M&Aは多くのプロセスから成り、また高度な専門知識を必要としますから、売手側企業・買手側企業だけで行ってもうまくいきません。M&Aアドバイザー、仲介者といった事業者の協力がないと成功は難しいでしょう。
 このような事業者とは、通常、事前相談のあと、FA(ファイナンシャル・アドバイザー) 契約を結びます。ただこのようなM&A事業者とFA契約し、業務を依頼したからといって必ずしも成功するわけではありません。
 売手側企業・買手側企業双方が、自社のM&Aについての明確な目的やゴールといったものを持つこと、そして経営者やM&Aプロジェクトチームのメンバーなどが事前にM&Aについての予備知識を身に付けること、さらに事業者自らが主体的になって実行することが重要です。
 くれぐれも、M&A事業者のペースで進められ、言いなりになることのないように十分気をつける必要があります。

なぜ仲介会社の言いなりになってしまうのか

 M&A仲介会社の言いなりになってしまう最も大きな原因は、何と言っても自社のM&Aについて、はっきりとした目的・ゴールがなく、経営者その他のスタッフが何から手をつけてよいかわからないことです。そのため、M&Aについての予備知識などもなく、いきなりM&Aアドバイザー、仲介者に依頼してしまうといったことになるのです。
 M&Aについてわからないため、人づてに仲介会社などを紹介してもらう、あるいはネットなどで探してみるといった形でまず問い合わせます。
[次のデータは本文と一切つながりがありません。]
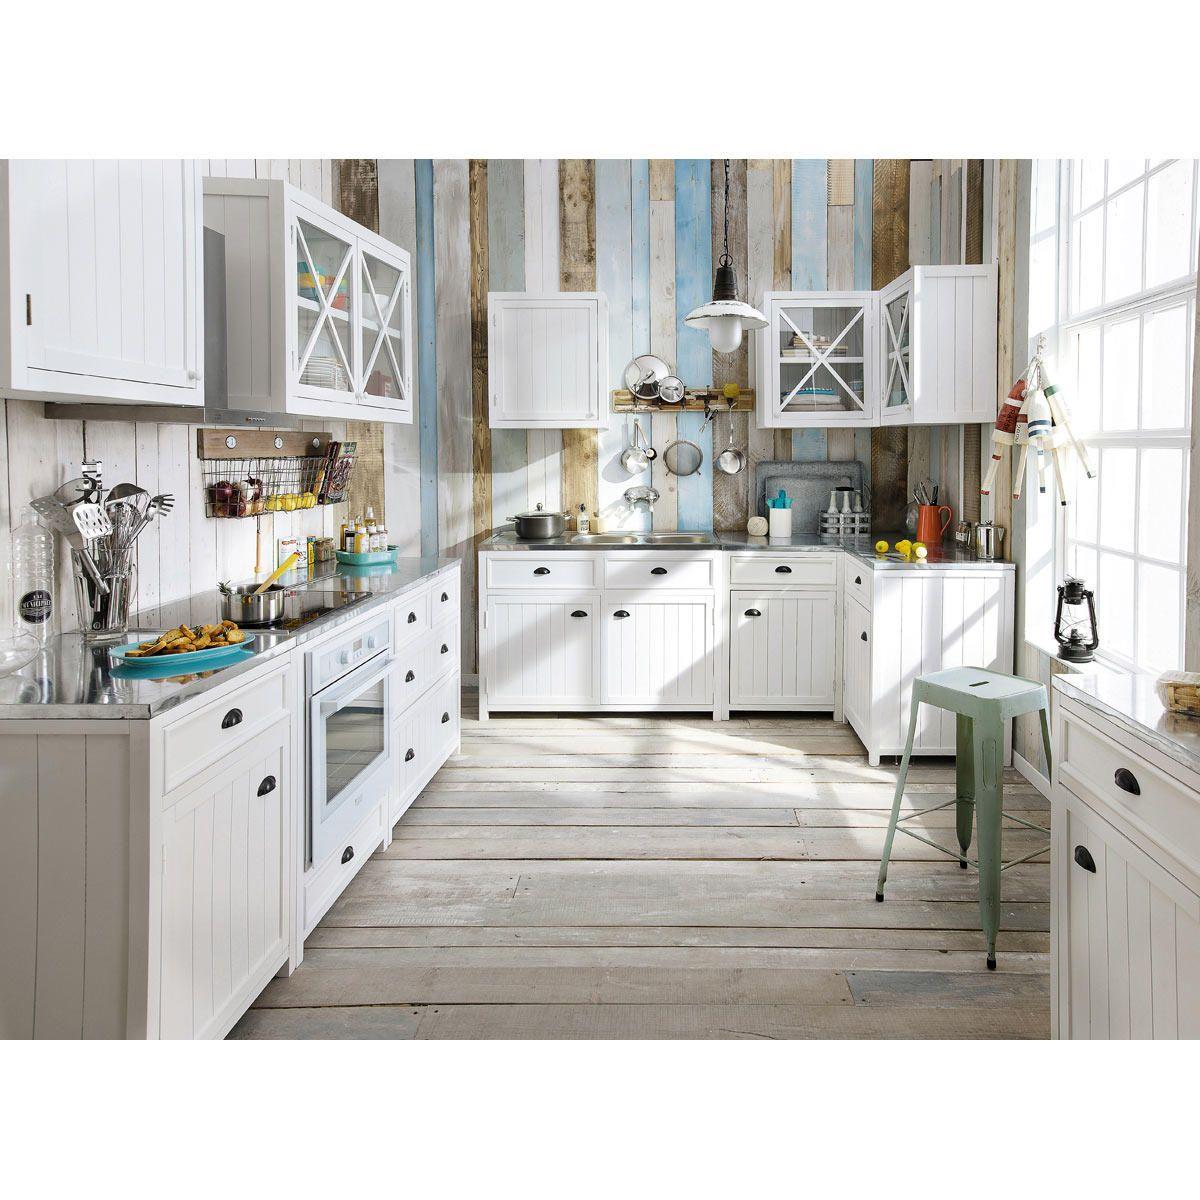 Mobile basso bianco da cucina in legno L 120 cm | Kitchen wall ...

その後、面談などを行いますが、自社のM&Aの趣旨などについて説明できず、料金体系といった条件面などから相手のペースに乗せられ、FA契約してしまう。その結果、自社とのマッチング(相性)のよくない買収企業を紹介され、不利な条件で契約が行われ、その上、法外な成功報酬を請求されるといった話を少なからず耳にします。

仲介会社の言いなりにならないためには

 繰り返しになってしまいますが、M&A仲介業者の言いなりにならないためには、M&Aの目的・ゴールを明確に理解しておくことです。
 通常、会社には経営者の経営に対する考えや姿勢を述べた基本理念(コンセプト)といったものがあります。これが最終的に自社が到達すべきゴールであり、そしてその実現のための具体的な目的・目標といったものが設定されます。こうした一連の関係を理解し、M&Aの予備知識をもって仲介会社に対応すれば、言いなりになるリスクは低くなります。
 そして、複数のM&A仲介会社と面談し、自社の経営に対する基本的な考え、到達すべきゴール、そのためのM&Aといったものを伝え、相手の仲介会社が理解し賛同してくれるならば、その仲介会社と話を詰め、FA契約を結びます。そうすれば報酬体系といった条件だけで選択すべきでないことなどもわかってきます。
 また、自社の属する業界に詳しいのか、手持ちの案件がどのくらいあるのか、契約の形態は専任か非専任か、そして、アドバイザー契約にするのか仲介契約にするのかといったことも、依頼する会社が主体的に確認し進めていくことが、仲介会社の言いなりにならないためには大切なことです。

M&A仲介会社を選ぶ際の注意点

 M&A仲介会社を選ぶ際に特に注意すべきポイントをいくつか挙げておきます。

守秘義務は遵守されているか

 M&Aというディール(取引)を遂行する上で、最も注意すべきポイントは、機密情報の取り扱いです。M&Aでは依頼する企業の営業上の機密情報や個人情報といった極めて重要な情報を仲介会社に開示しながら手続きを進めていきます。このような情報が外部にリークすることで依頼者である企業に重大な損害が生じるおそれがあります。そのためにM&Aが途中でブレイクしてしまうことも少なくありません。

重要事項の説明はなされているか

 しっかりした仲介会社であれば、よいことも悪いことも隠さず、詳しく説明します。逆に悪徳仲介会社などは、よい情報しか話しません。そして契約を急かせたりします。ある程度時間をかけて見分ける必要があります。

実務経験は十分か

 これは仲介会社自体には、十分な実績はあっても、実際M&Aディールを進めていくのは、特定の社員です。その社員が業界に詳しく、M&Aについての実績は十分なのか見極めることが重要です。

売手側企業・買手側企業双方に公平に対応しているか

 M&Aは多くの売手側企業にとっては、最初で最後の1回限りの取引です。買手側企業では、今後も経営戦略上幾度となく行う事も少なくありません。そうすると仲介会社とはいえ、売手側利益よりも買手側企業の利益を優先させることもありえます。本来ならば、双方企業が「win-win」の関係であるべきものが「loose-win」といった結果に終わってしまいます。これは「双方代理」と言って原則禁じられている契約ですので、チェックする必要があります。

 今回はM&A 仲介会社の言いなりになってしまう原因とその対策、特に注意すべき点などについて述べました。